§ TASK DIRECTIONS
The whole listing is to be restated word for word with no images.

§ DATA EXCERPT
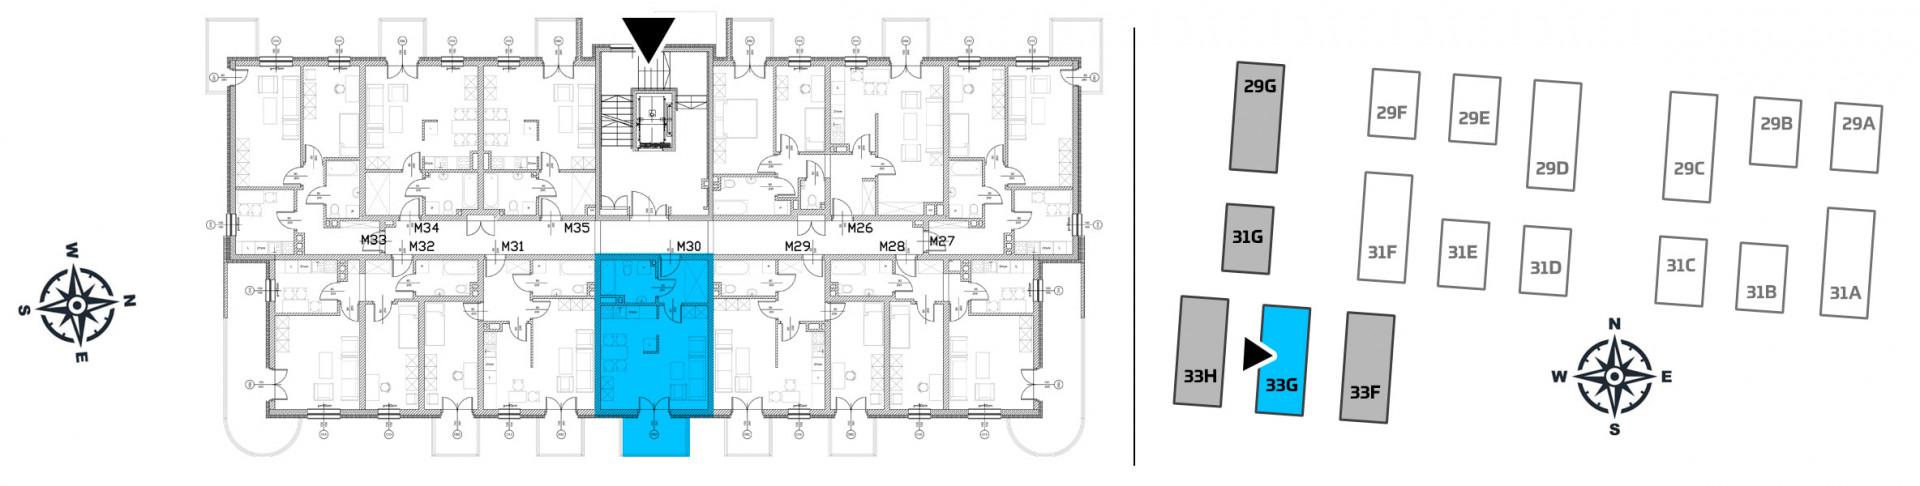 Mieszkanie jednopokojowe 33G/30 rzut 2
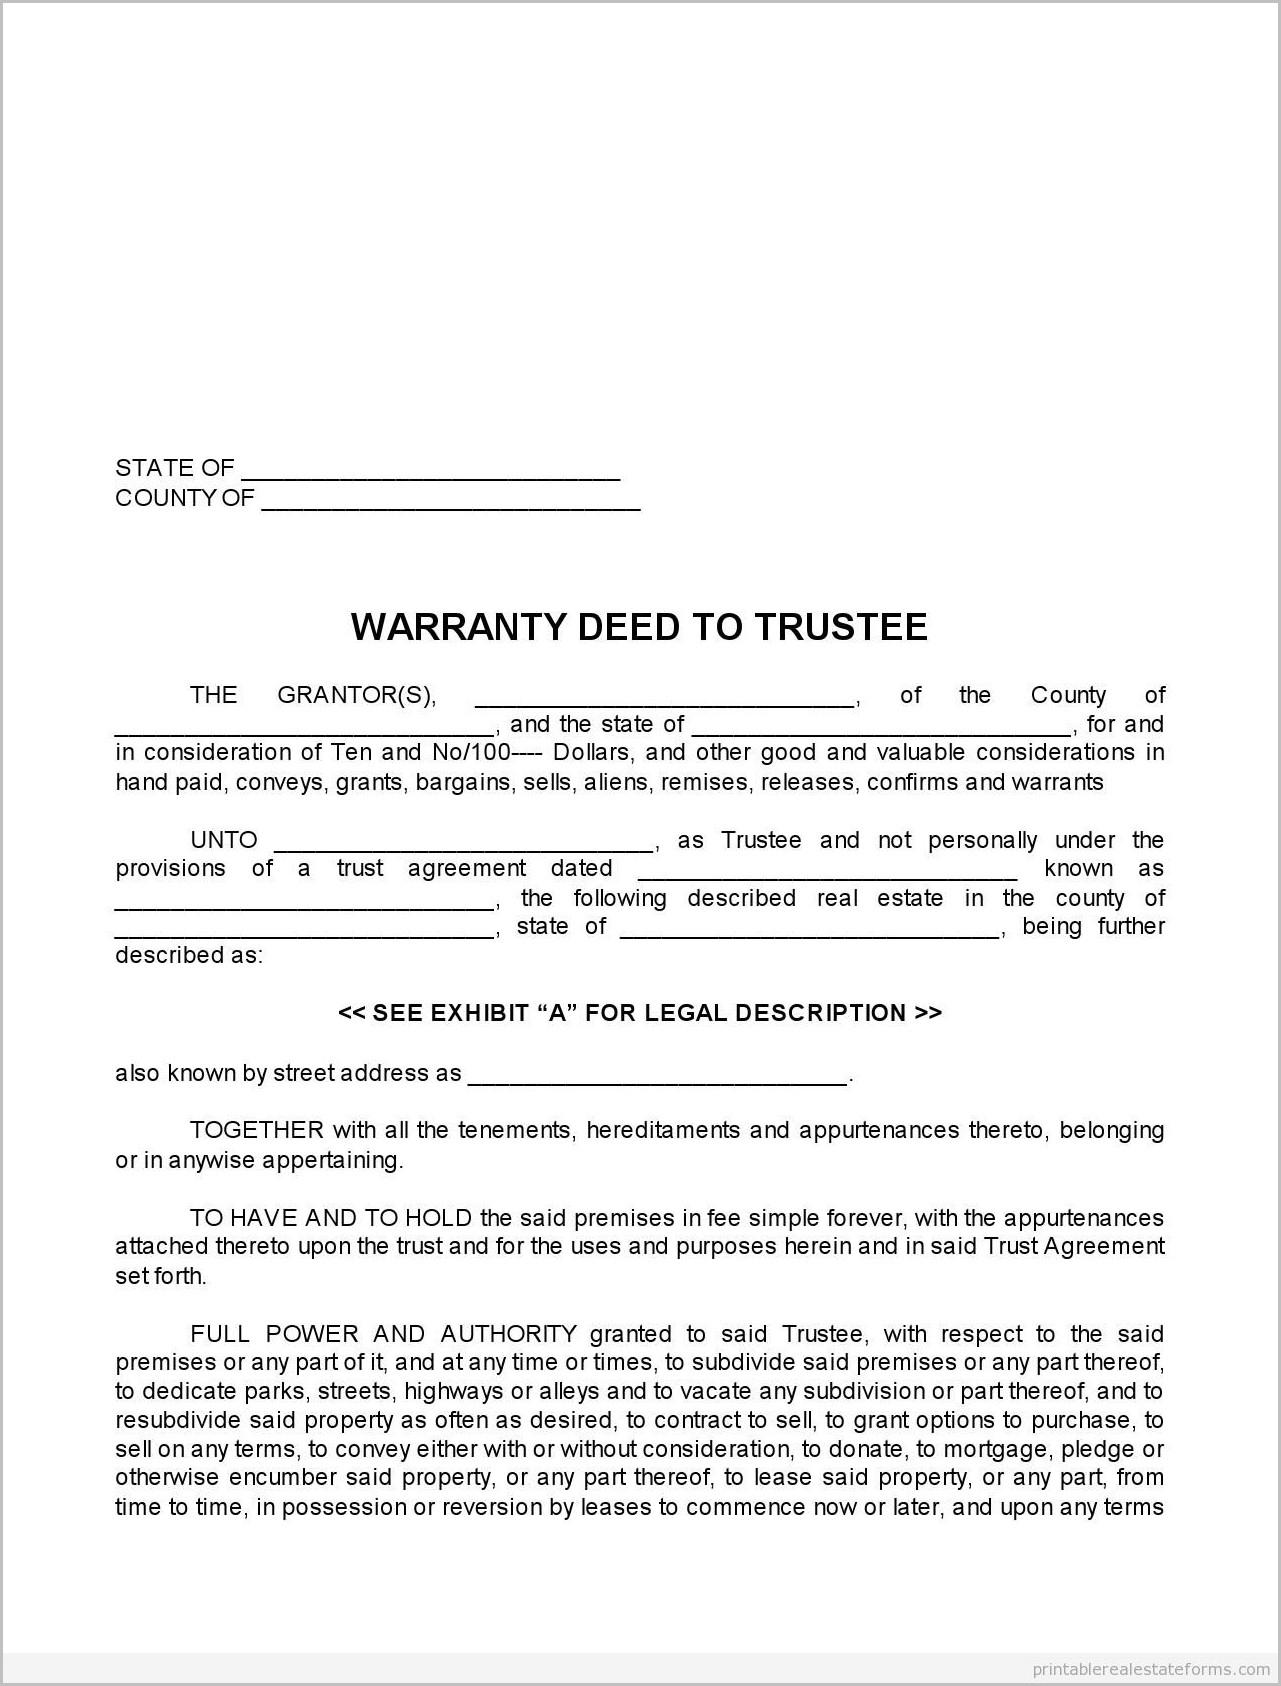 Wisconsin Warranty Deed Form 1 2003
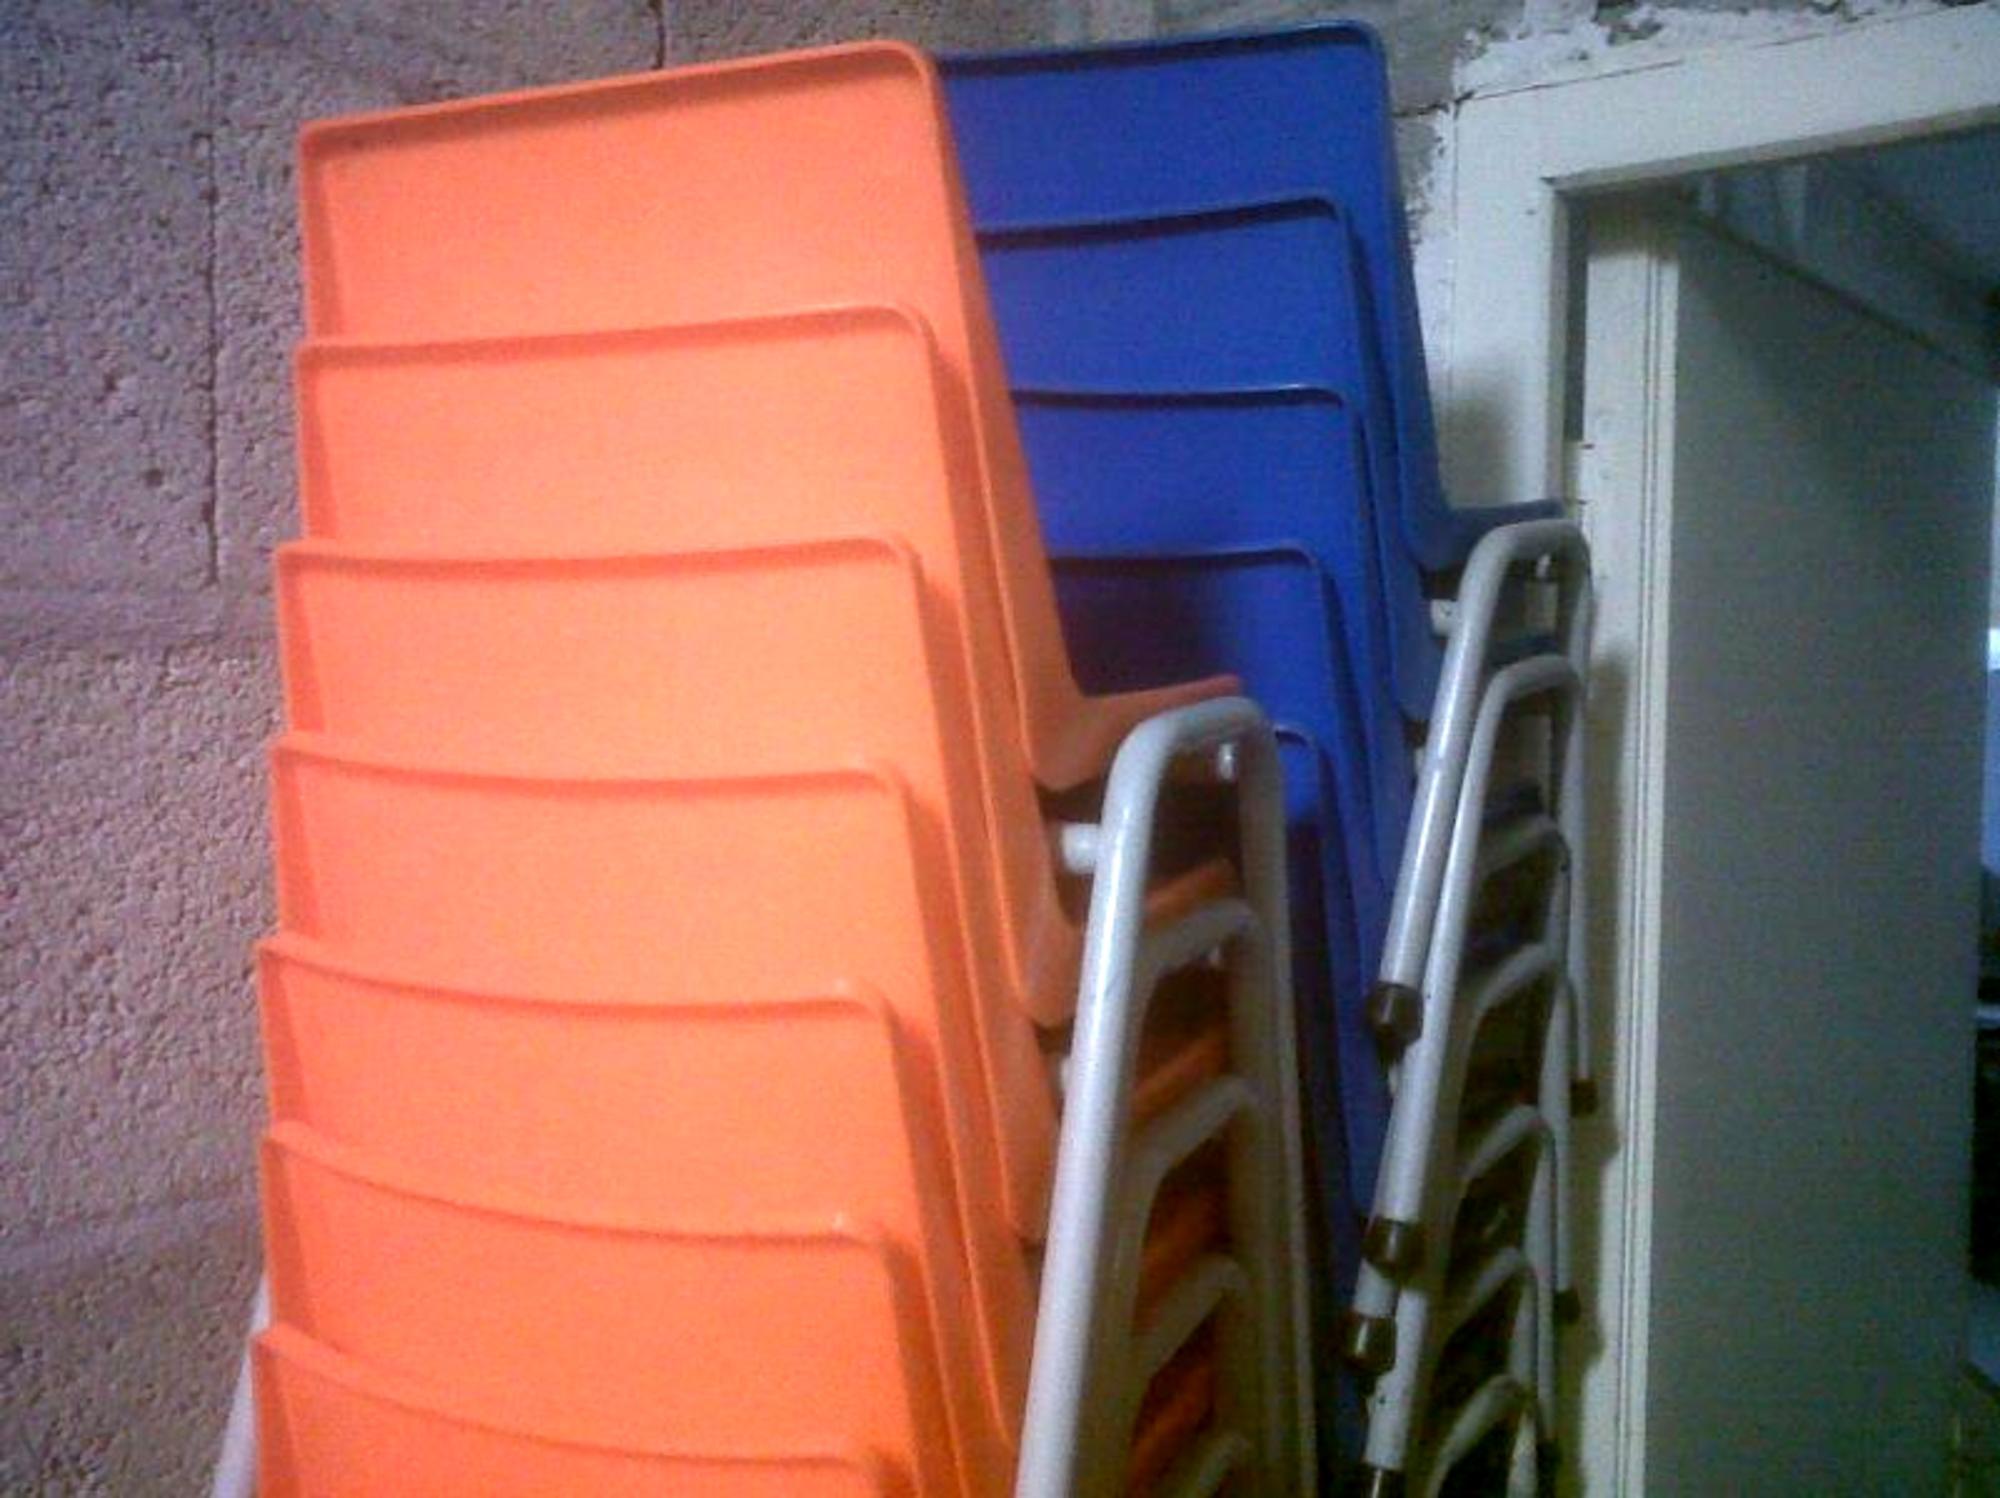 10 chaises maternelle coque panachage de diff rentes tailles mobilier scolaire d 39 occasion. Black Bedroom Furniture Sets. Home Design Ideas

§ ANSWER AREA
 Mieszkanie jednopokojowe 33G/30 rzut 2
 Wisconsin Warranty Deed Form 1 2003
 10 chaises maternelle coque panachage de diff rentes tailles mobilier scolaire d 39 occasion. Black Bedroom Furniture Sets. Home Design Ideas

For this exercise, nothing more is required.